Route withdrawn via pipe to another kernel table causes segfault crash

Joel Mulkey joelm at bigleaf.net
Wed Jun 12 07:21:53 CEST 2013


Hello,

We are running BIRD v1.3.10 and are seeing an issue that is causing BIRD to crash. In this setup we're running one "core" router that's using a single routing table, an OSPF protocol, and 2 BGP protocols. That core router connects to 2 remote routers that are running one OSPF protocol, one BGP protocol, and using 2 routing tables (main and one other). The routing tables are connected via pipe, and they are both connected to Linux tables via the kernel protocols.

The issue we're seeing is that when a route is withdrawn (we're only installing the default route) from the 2nd routing table on the remote routers it crashes BIRD with a segfault. This is typically caused by a loss in connectivity on the network that tears down the OSPF and BGP sessions.

We tried a number of things to prevent the issue from happening. If we prevent either the pipe or kernel protocols from exporting routes then the issue does not occur. We also tried setting the pipe to opaque mode and that immediately causes a segfault on start up. This appears to be a bug with the kernel or pipe protocol, but I'm certainly no expert and would love some guidance if there's a workaround or error in my config.
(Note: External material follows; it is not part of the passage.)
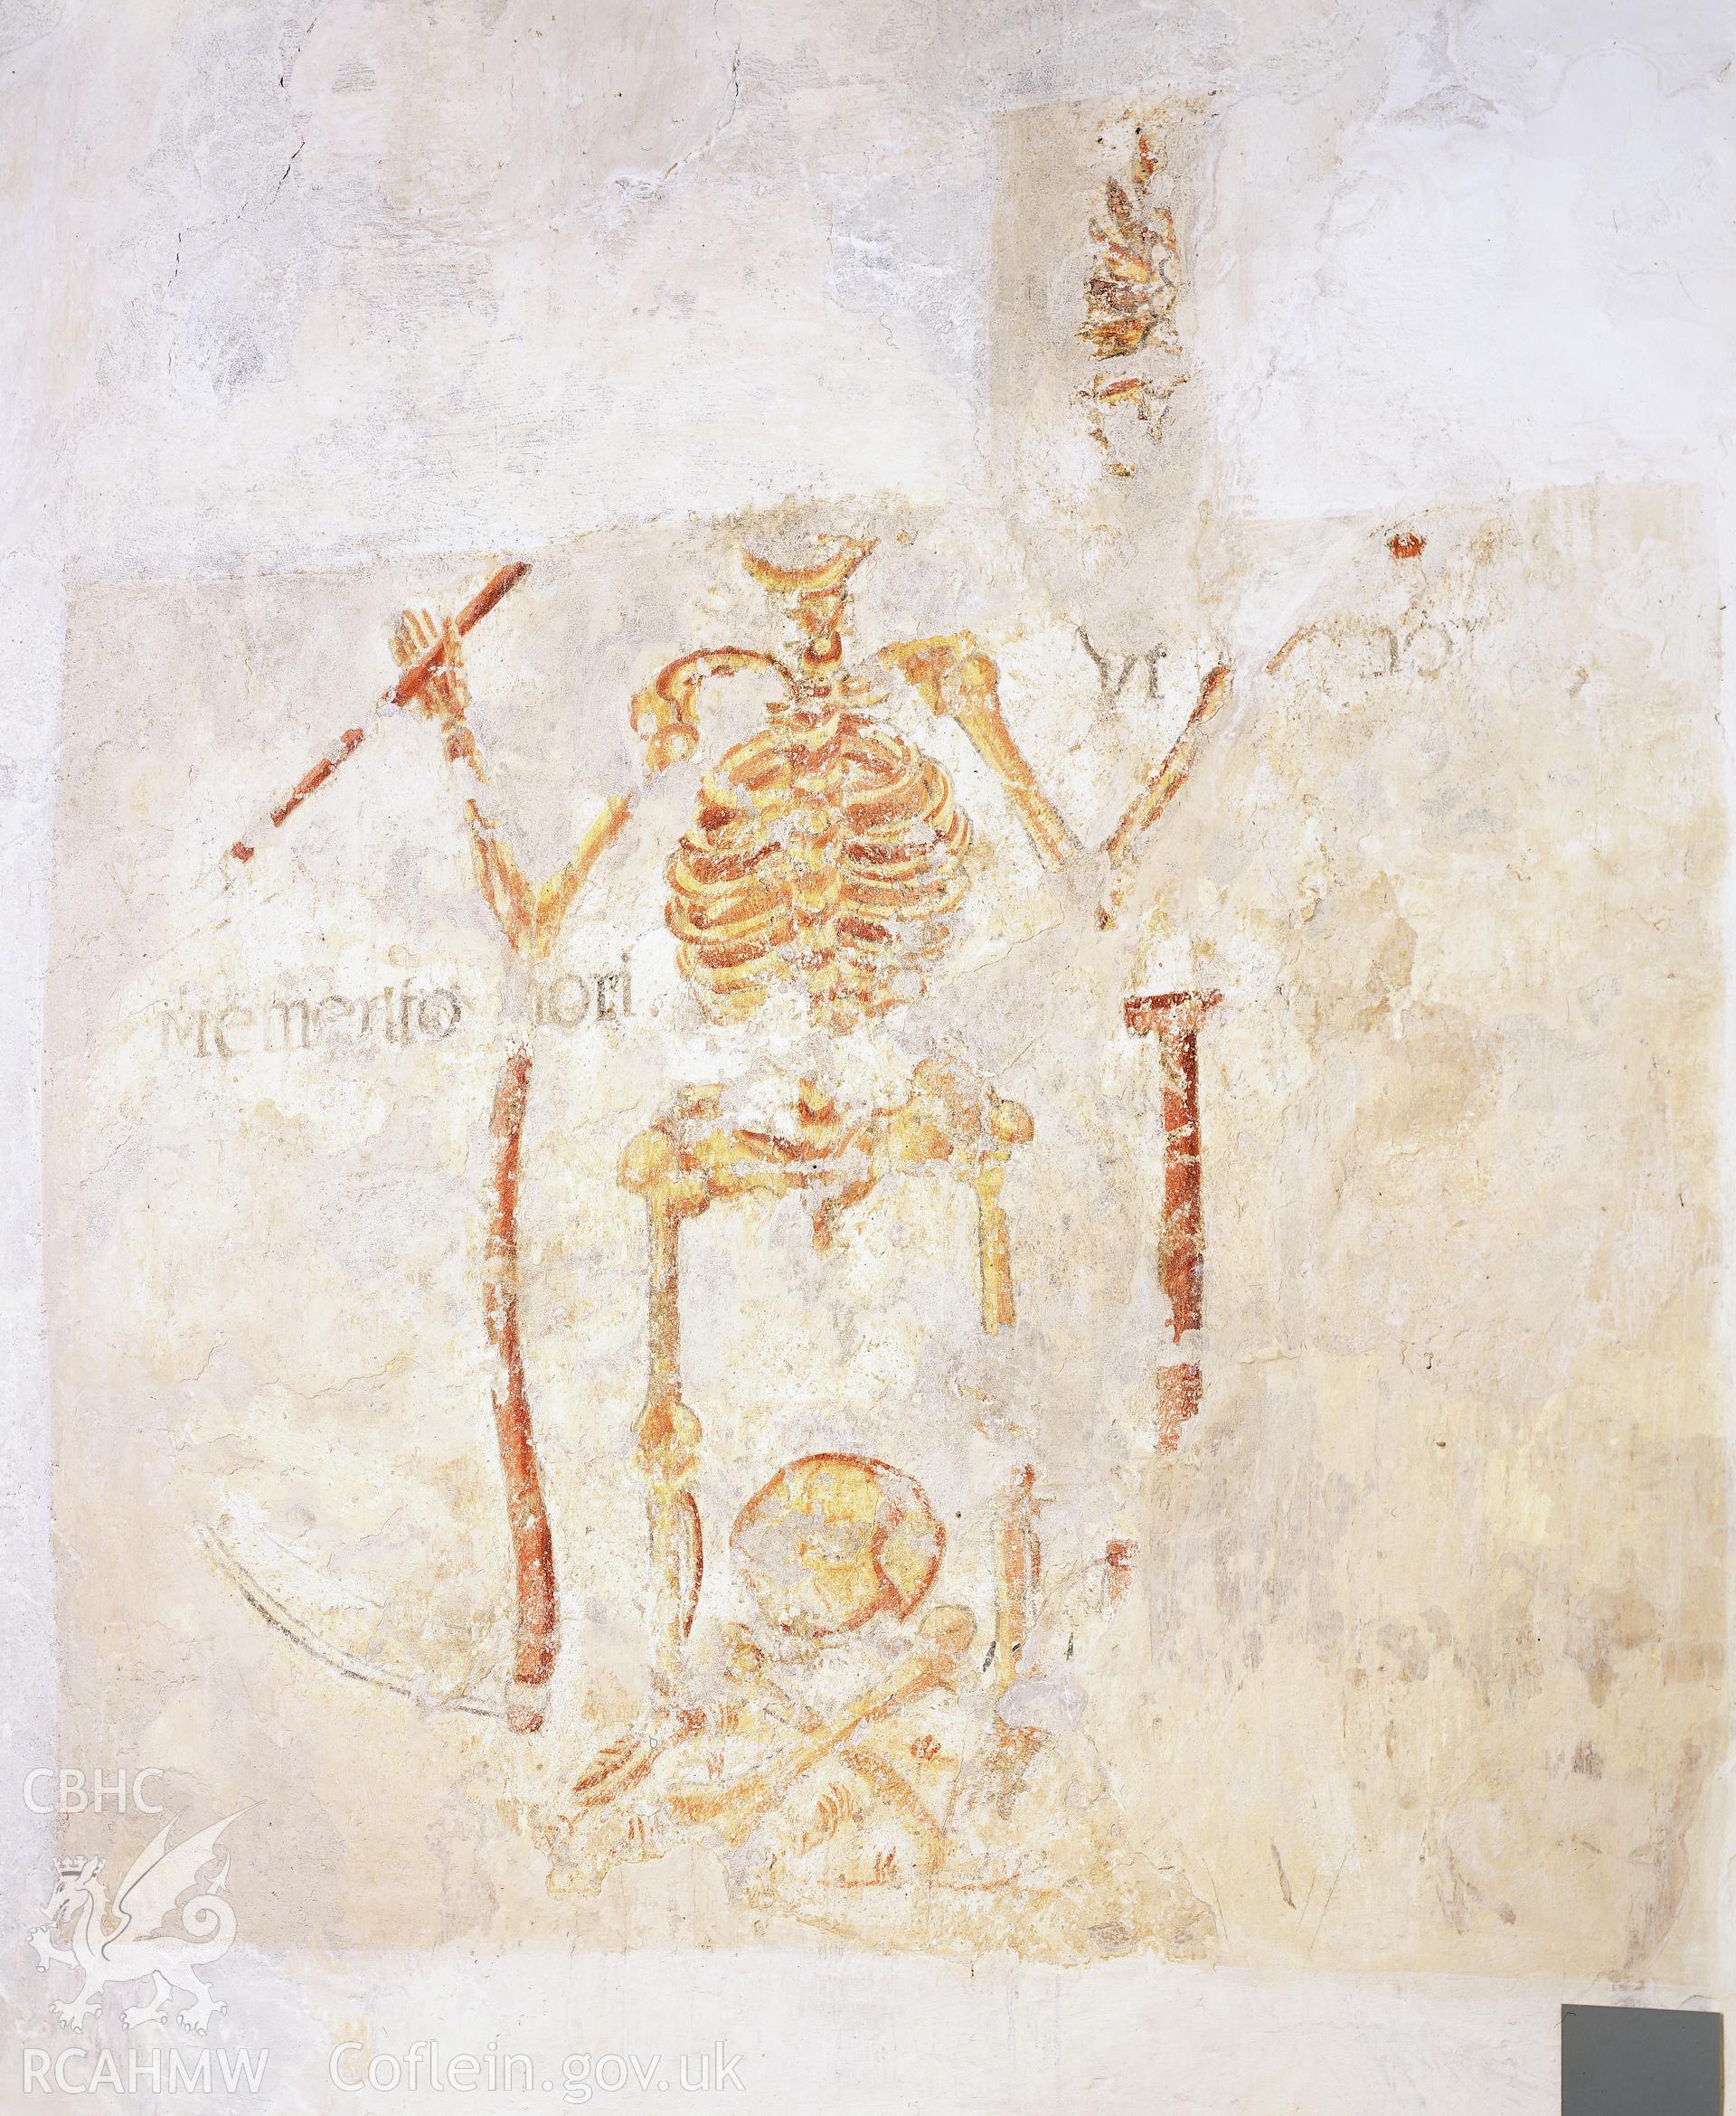 RCAHMW colour transparency showing  view of memento mori wallpainting at St Celynin's Church, Llangelynin.

Below is the remote router config, and some snippits of the syslog with the segfaults.

Thanks,

Joel Mulkey


function infrastructure() {
	if net = 10.99.0.4/32 then return true;
	if net ~ [10.2.0.0/30+] then return true;
	if net ~ [172.17.1.0/24+] then return true;
	if net ~ [172.17.2.0/24+] then return true;
	if net ~ [172.17.3.0/24+] then return true;
	if net ~ [172.17.4.0/24+] then return true;
	return false;
}

function default_only() {
	return net = 0.0.0.0/0;
}

filter table2_out_filter {
	if ! defined( krt_metric ) then accept;
	if krt_metric > 1 then reject;
	else accept;
}

filter ospf_out {
	if infrastructure() then accept;
	else reject;
}

filter bgp_out {
	if infrastructure() then reject;
	if ! defined( krt_metric ) then accept;
	if krt_metric > 19 then {
		bgp_local_pref = 90;
		accept;
	}
	else accept;
}

table table2;

router id 10.99.0.4;

log syslog all;
debug protocols { states, routes, filters, interfaces };

protocol kernel kmain {
	learn;			# Learn all alien routes from the kernel
	persist;		# Don't remove routes on bird shutdown
	scan time 2;		# Scan kernel routing table every 10 seconds
	import all;		# Default is import all
	export all;		# Default is export none
	preference 190;
}

protocol kernel ktable2 {
	persist;		# Don't remove routes on bird shutdown
	scan time 2;		# Scan kernel routing table every 2 seconds
	import none;		# Default is import all
	export filter table2_out_filter;		# Default is export none
	kernel table 100;	# Kernel table to synchronize with (default: main)
	table table2;	# connect to alternate BIRD table
}

# This pseudo-protocol watches all interface up/down events.
protocol device {
	scan time 2;		# Scan interfaces every 2 seconds
}

# Pipe protocol connects two routing tables... Beware of loops.
# Connect table2 to main
protocol pipe {
        mode transparent;
        peer table table2;
        export all;
        import none;
}

protocol ospf to_core_ospf {
        debug { events };
        export filter ospf_out;
        import all;
	area 0.0.0.0 {
		stubnet 10.99.0.4/32;
		interface 10.2.0.2 {
			hello 1;
			retransmit 2;
			cost 10;
			dead 5;
			wait 4;
			type broadcast;
		};
	};
}

protocol bgp bgp_peer_1 {
	local as 64600;
        export filter bgp_out;
        import all;
	source address 10.99.0.4;
	next hop self;
	neighbor 10.99.0.1 as 64600;
	multihop 20;
        hold time 12;
        keepalive time 3;
        startup hold time 10;
        connect retry time 5;
        start delay time 5;
        error wait time 30, 120;
}


Jun 11 21:16:44 tunnel2 bird: bgp_peer_1: Error: Hold timer expired
Jun 11 21:16:44 tunnel2 bird: bgp_peer_1: State changed to flush
Jun 11 21:16:44 tunnel2 bird: bgp_peer_1 > removed [sole] 0.0.0.0/0 unreachable
Jun 11 21:16:44 tunnel2 bird: pipe1 < removed 0.0.0.0/0 unreachable
Jun 11 21:16:44 tunnel2 bird: pipe1 > removed [sole] 0.0.0.0/0 unreachable
Jun 11 21:16:44 tunnel2 bird: ktable2 < removed 0.0.0.0/0 unreachable
Jun 11 21:16:44 tunnel2 bird: kmain < removed 0.0.0.0/0 unreachable
Jun 11 21:16:44 tunnel2 kernel: [  769.220353] bird[4516]: segfault at 18 ip 00007ff0e8e44e26 sp 00007fffc45719f0 error 4 in bird[7ff0e8e3a000+5e000]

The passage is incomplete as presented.